Statistical principles of optimal decision-making in sports wagering

PLOS ONE

Dear Dr. Dmochowski,

Thank you for submitting your manuscript to PLOS ONE. After careful consideration, we have decided that your manuscript does not meet our criteria for publication and must therefore be rejected.

Specifically:

I am sorry that we cannot be more positive on this occasion, but hope that you appreciate the reasons for this decision.

Kind regards,

Olivier Bos

Academic Editor

PLOS ONE

Additional Editor Comments:

Dear author,

I have now heard back from an expert reviewer on your paper titled "Statistical Principles of Optimal Decision-Making in Sports Wagering." The reviewer expressed that the work does not adequately add to the existing literature on this topic.
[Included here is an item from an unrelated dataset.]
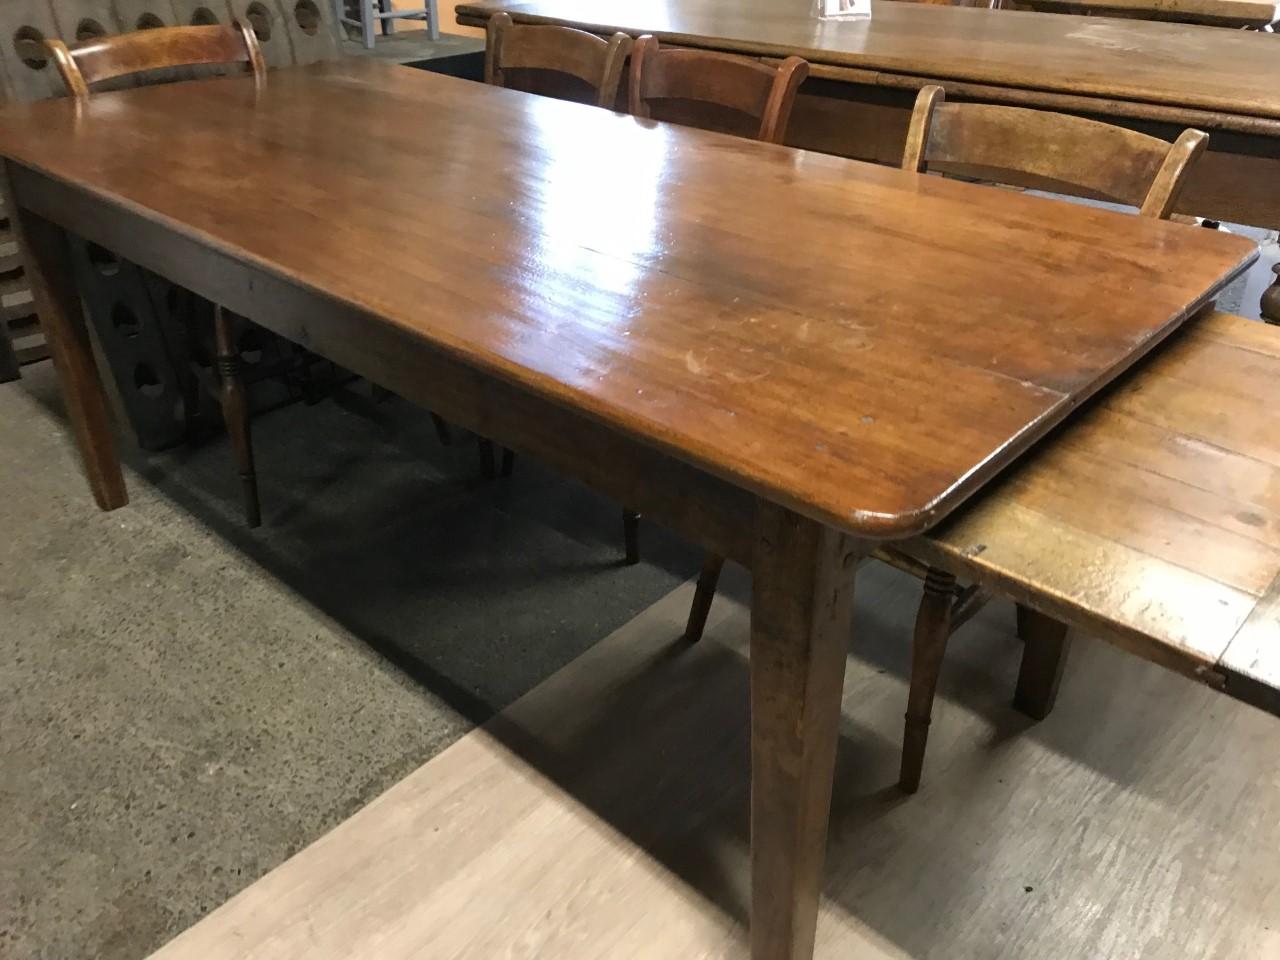 European 19th Century Cherry Dining Table with Bread Slide and One Drawer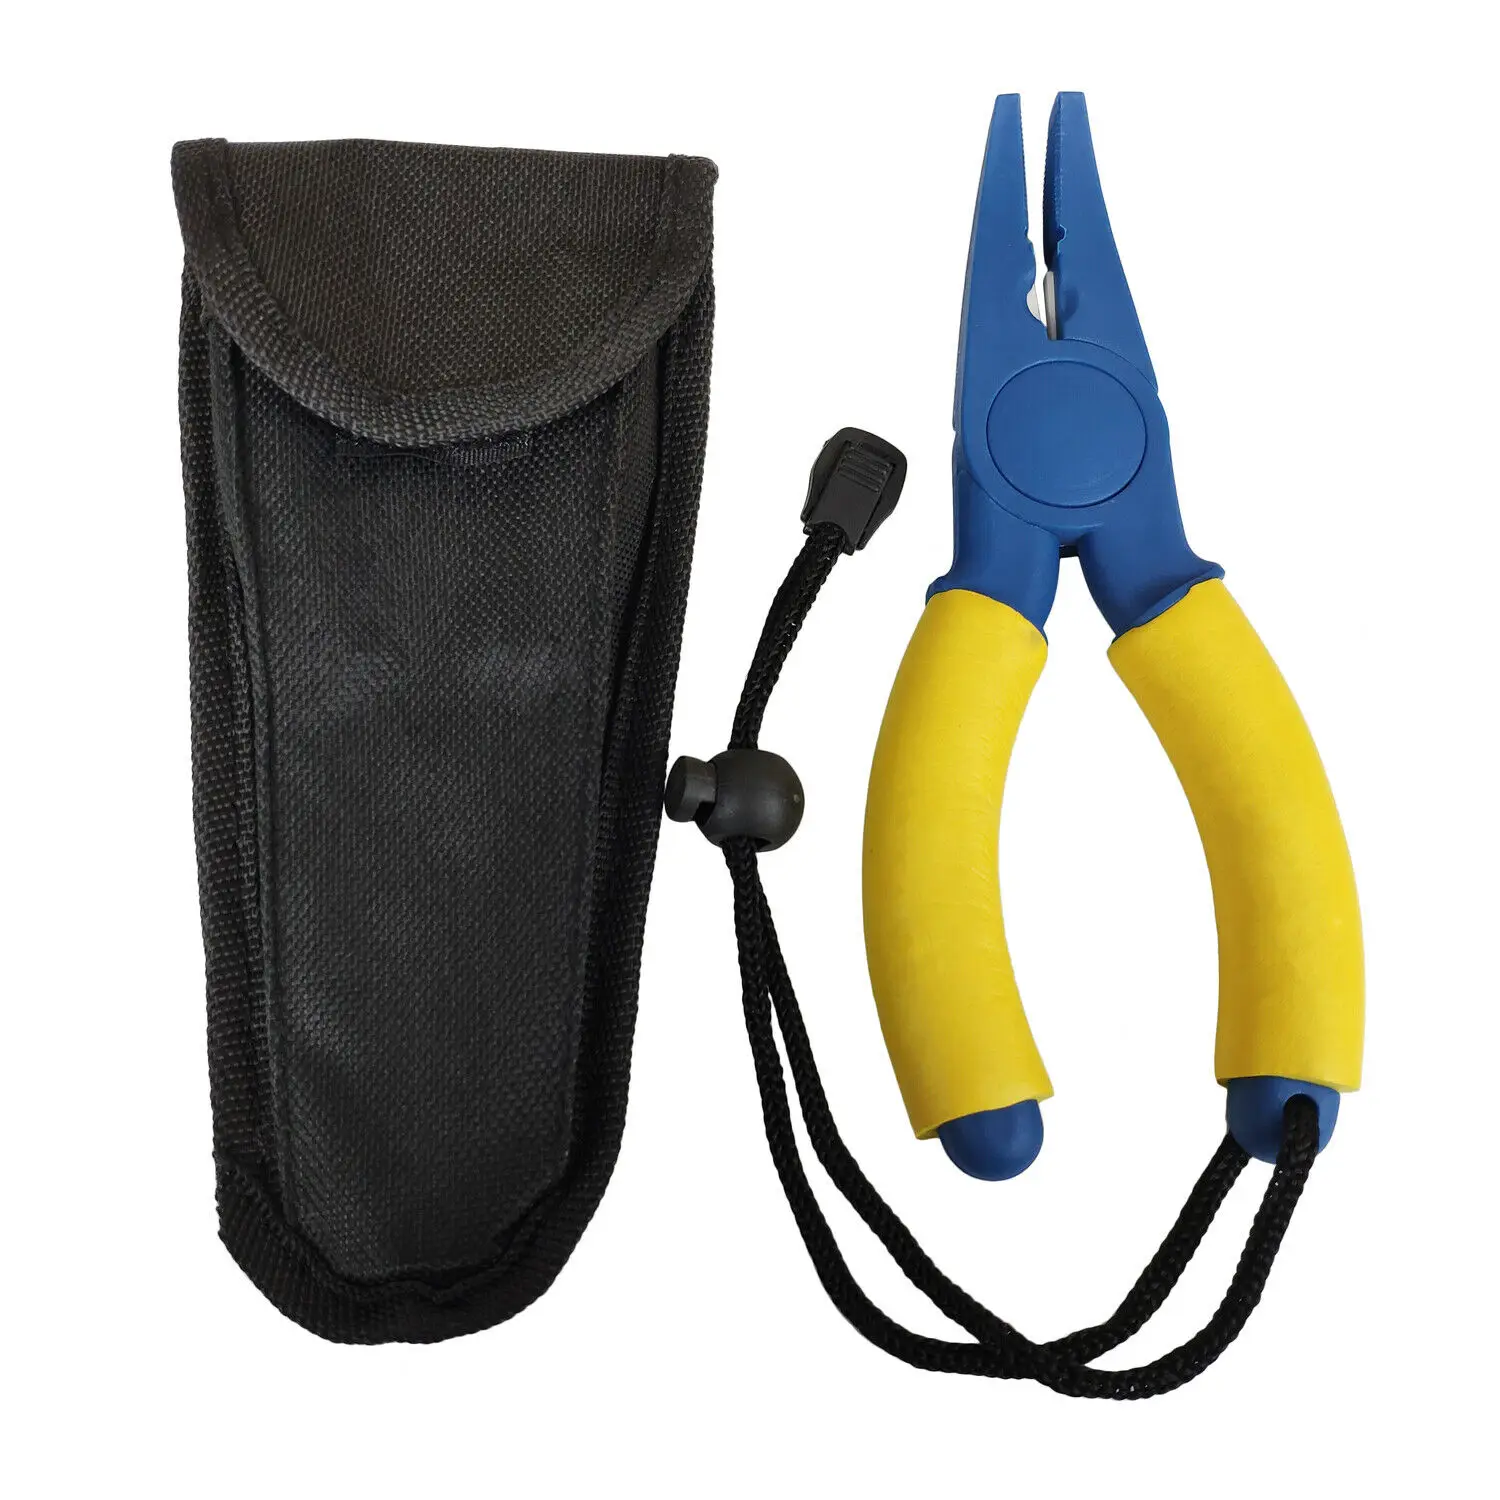 Floating Fishing Pliers Saltwater Boat Fishing Pliers with

Given her/his expertise in the field I have decided to follow her/his recommendation.

The reviewer provided comments and suggestions which I believe will be valuable in improving your work and potentially finding a more suitable outlet for publication.

I regret to inform you of this disappointing decision. I wish you the best of luck with your research and future publications.

Sincerely,

Olivier Bos

[Note: HTML markup is below. Please do not edit.]

Reviewers' comments:

Reviewer's Responses to Questions

Comments to the Author

1. Is the manuscript technically sound, and do the data support the conclusions?

The manuscript must describe a technically sound piece of scientific research with data that supports the conclusions. Experiments must have been conducted rigorously, with appropriate controls, replication, and sample sizes. The conclusions must be drawn appropriately based on the data presented.

Reviewer #1: Partly

**********

2. Has the statistical analysis been performed appropriately and rigorously?

Reviewer #1: No

**********

3. Have the authors made all data underlying the findings in their manuscript fully available?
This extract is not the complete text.